Os séculos XVII e XVIII

No Ocidente, a arte de fazer arranjos florais foi pela primeira vez registada no século XVII, quando os Holandeses, nomeadamente, pintaram magníficos e informais arranjos de flores, folhagens, frutos e vegetais. Tais efeitos podem ser hoje recriados, utilizando uma grande mistura de flores de cores e perfumes variados, combinadas com belos frutos, tais como ananases, romãs, amoras e maçãs silvestres, e vegetais com formas interessantes, como a couve, o repolho, os feijões ou as malaguetas.

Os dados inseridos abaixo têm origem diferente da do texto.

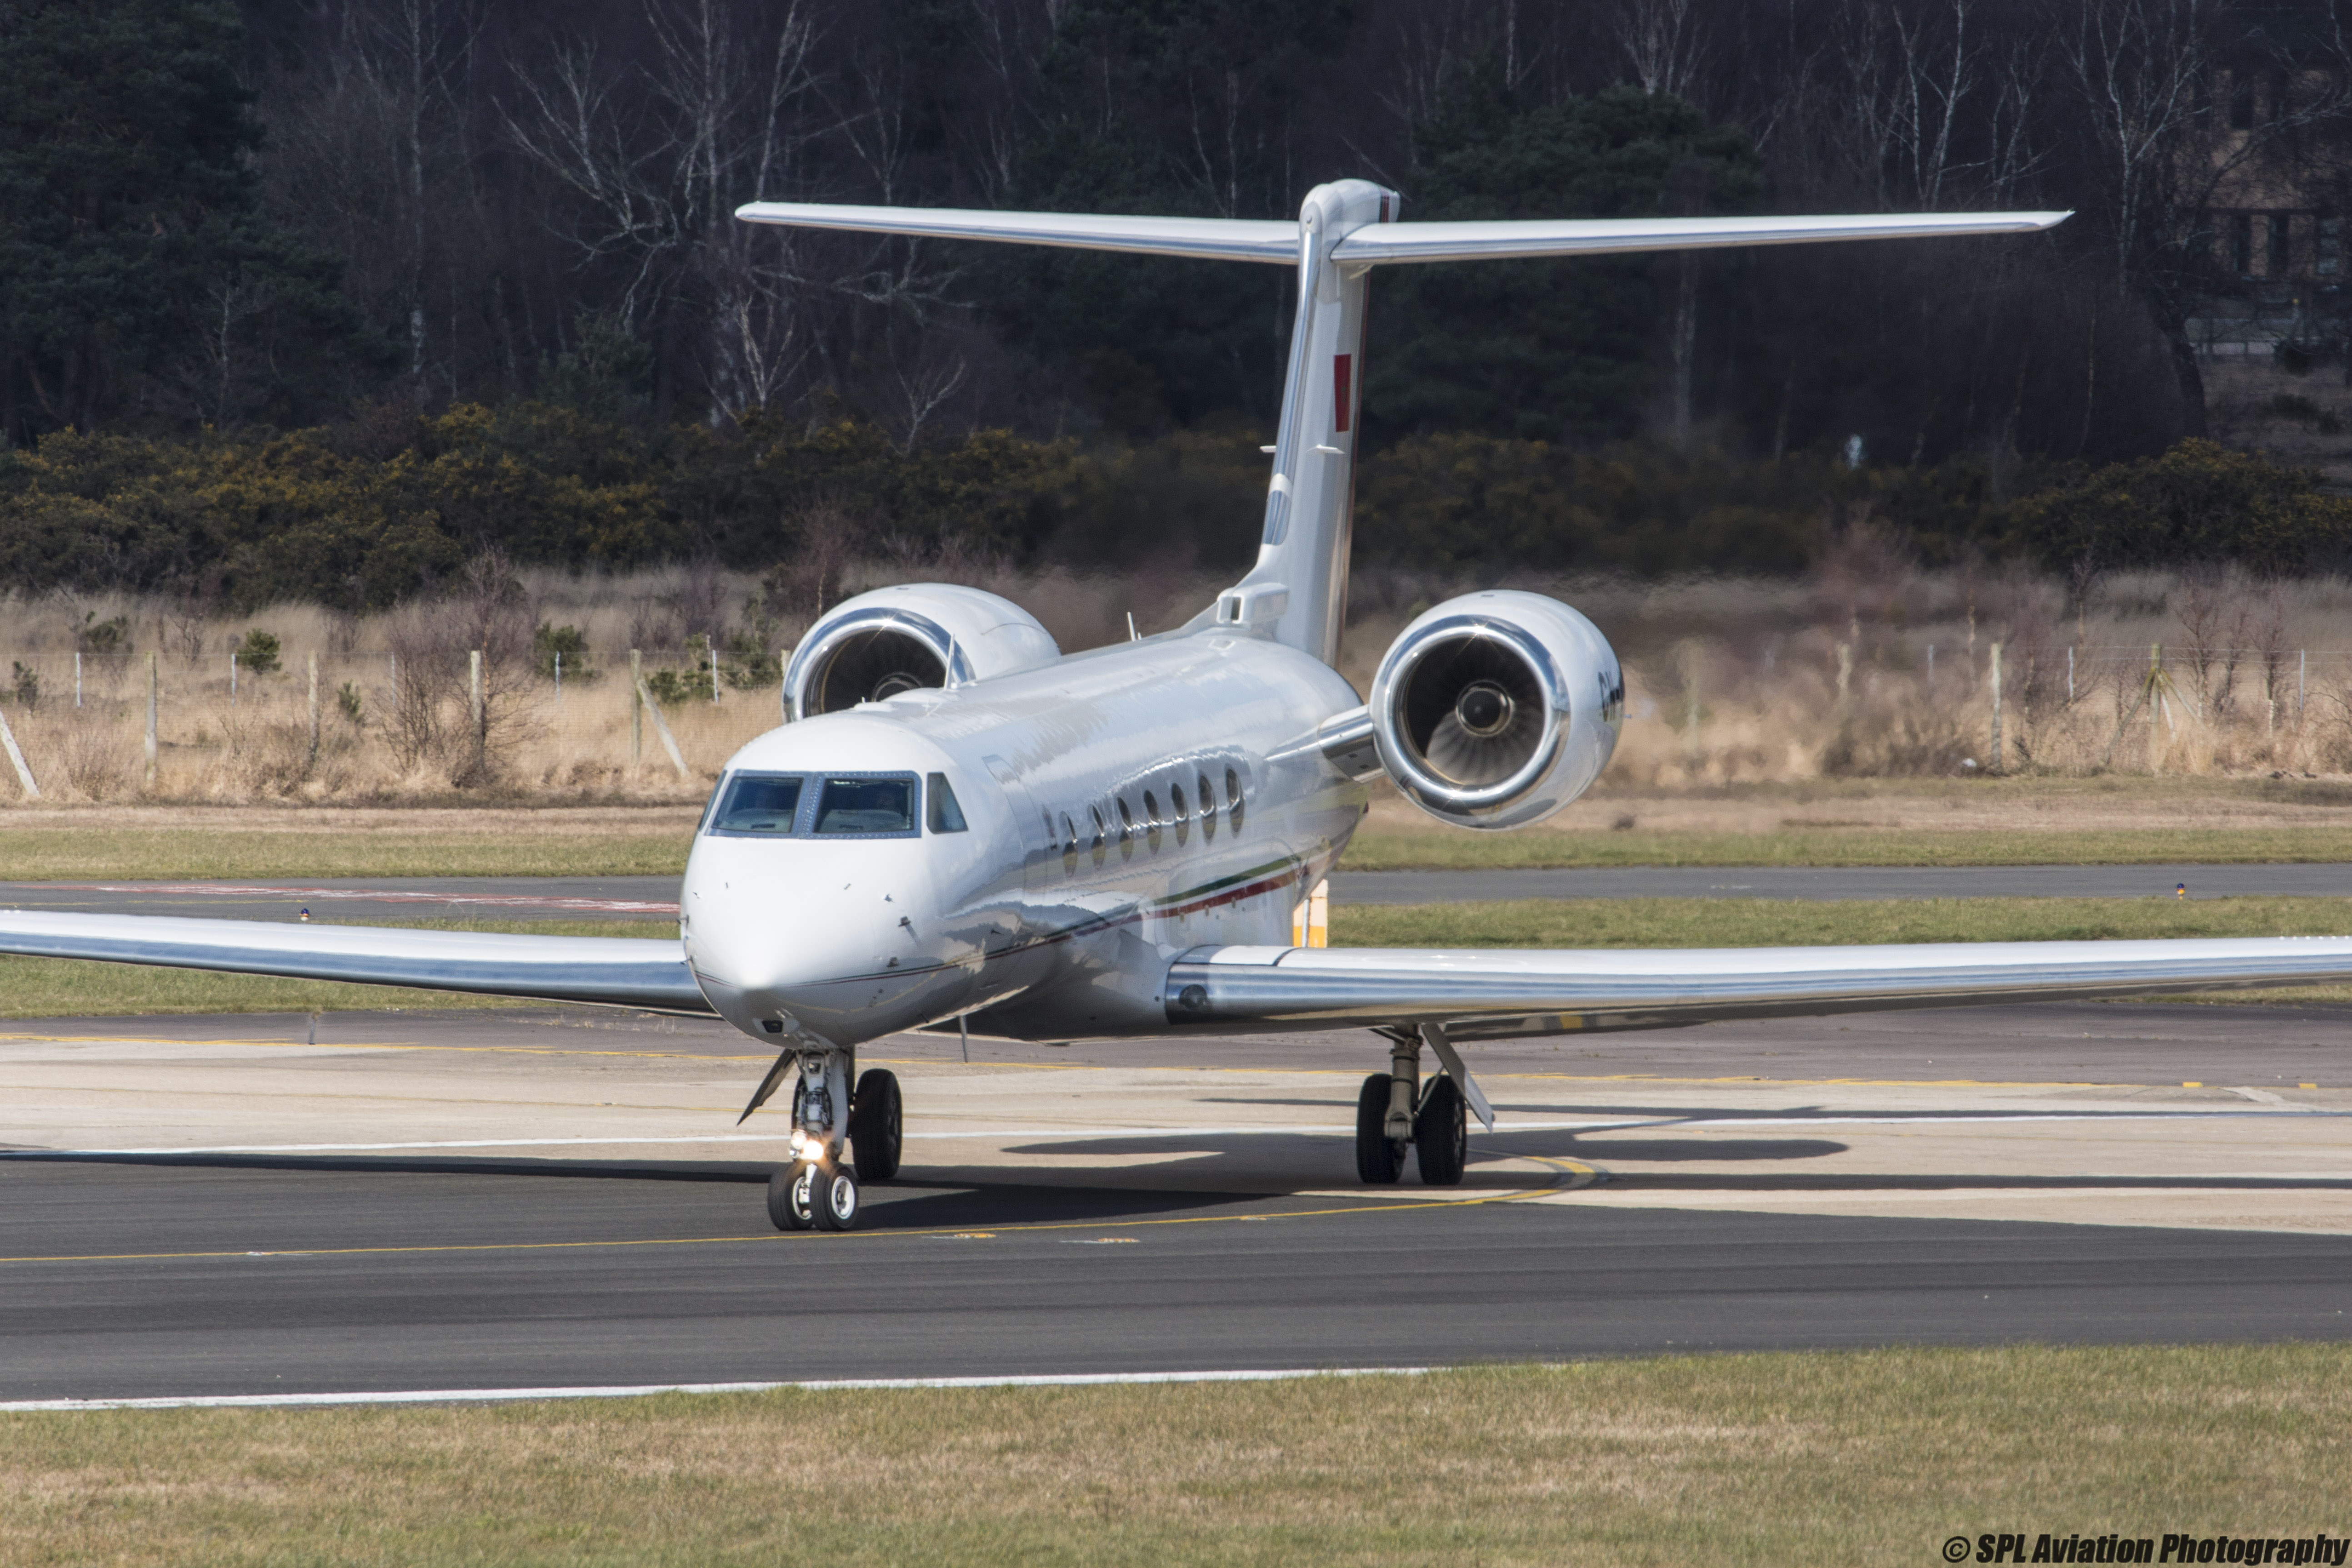 FRA: Avions VIP, Liaison & ECM - Page 12 25645901885_62141fb6d0_o

No século XVIII, muitas olarias produziram vasos para flores, bem como loiça de mesa. Durante este período, os fabricantes de recipientes para flores mais conhecidos são Wedgwood e Sèvres. Os arranjos costumavam ser utilizados para decorar as casas de famílias abastadas e da aristocracia. Os vasos de flores assentavam sobre os recém-introduzidos consolos de lareira e, no Verão, colocava-se um vaso de flores dentro da lareira, sobre a fornalha. Os arranjos eram também dispostos sobre mesas, no centro das salas.

Na Grã-Bretanha, as flores mais populares no Verão eram a rosa, o cravo, os lírios, as peónias, os delfínios, os acónitos e a malva-da-índia. Embora nesta altura o crisântemo tivesse sido trazido da China para o Ocidente, só um século mais tarde é que se tornou numa flor apreciada e foi utilizado para decorar a casa em todos os tipos de arranjos florais.